In one embodiment of the invention, the liquid solution comprises a polymeric binder, a quaternary ammonium compound, a silicone-based surfactant, and ethanol. The liquid formulation may be prepared or mixed by any conventional method known to those skilled in the art. There is no preferred method of incorporation for the formulations of the present invention, provided that the formulations are ultimately homogeneous, compatible and stable. For example, if the polymeric binder is a solid, it may be preferred to first dissolve or disperse the polymer in a carrier, such as water or alcohol, to prepare a stock polymeric binder liquid dispersion. Stock polymer binder liquid dispersions can be easily added to the formulations of the present invention during the mixing procedure.

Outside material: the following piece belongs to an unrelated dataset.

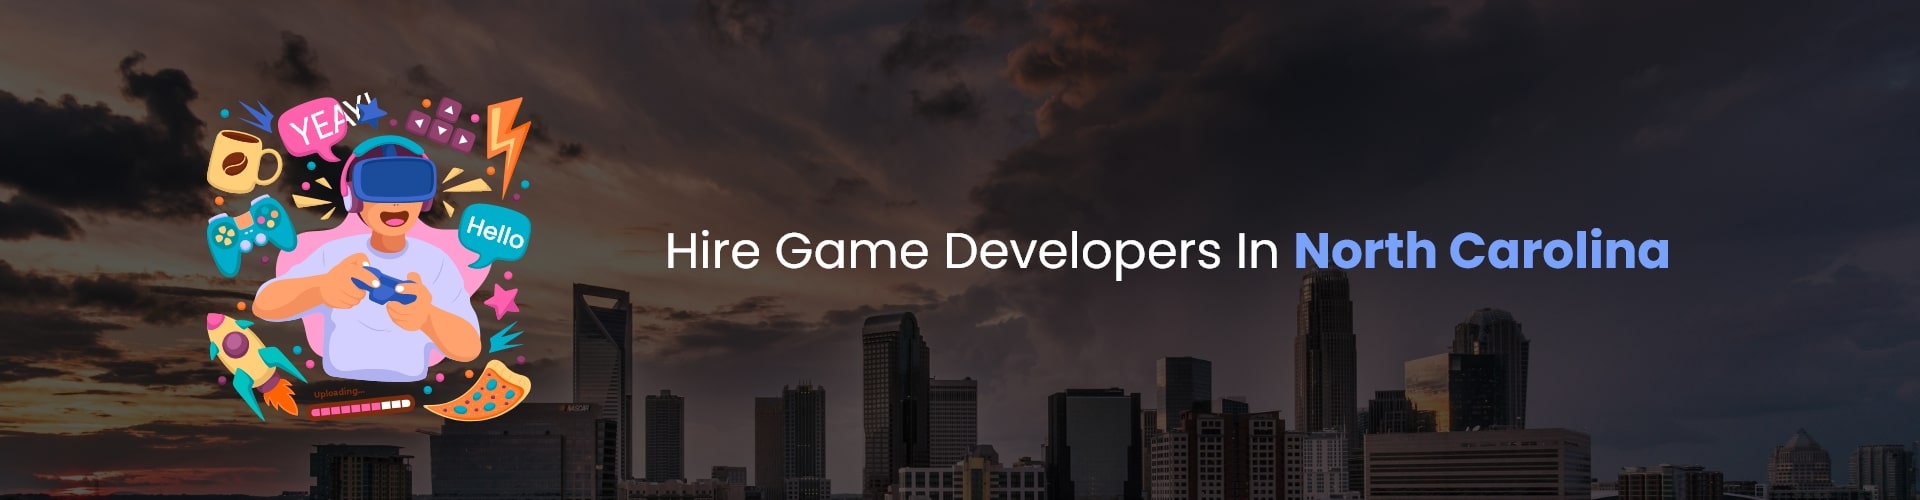 hire game developers in north carolina

Liquid formulation administration
Liquid formulations can be applied in a variety of ways. If sprayed, the liquid formulation may advantageously be provided in a conventional bottle with a nebulizer. The sprayer may be a trigger sprayer. As an option to trigger the nebulizer, the liquid formulation may also be delivered to the surface with an aerosol. Additional methods of application include, but are not limited to, atomization, rolling, brushing, wiping, and wiping with various applicators. Within the scope of the present invention, wipe products comprising or pre-treated with the germicidal formulations of the present invention may also be manufactured, for example, for sale or use on the spot.
To sterilize the contaminated surface, the liquid formulation is sprayed until the area is completely covered. Subsequently, the wet formulation can be wiped dry with a dry cloth or paper towel.
According to aspects of the invention, the invention also relates to articles treated with the germicidal formulation.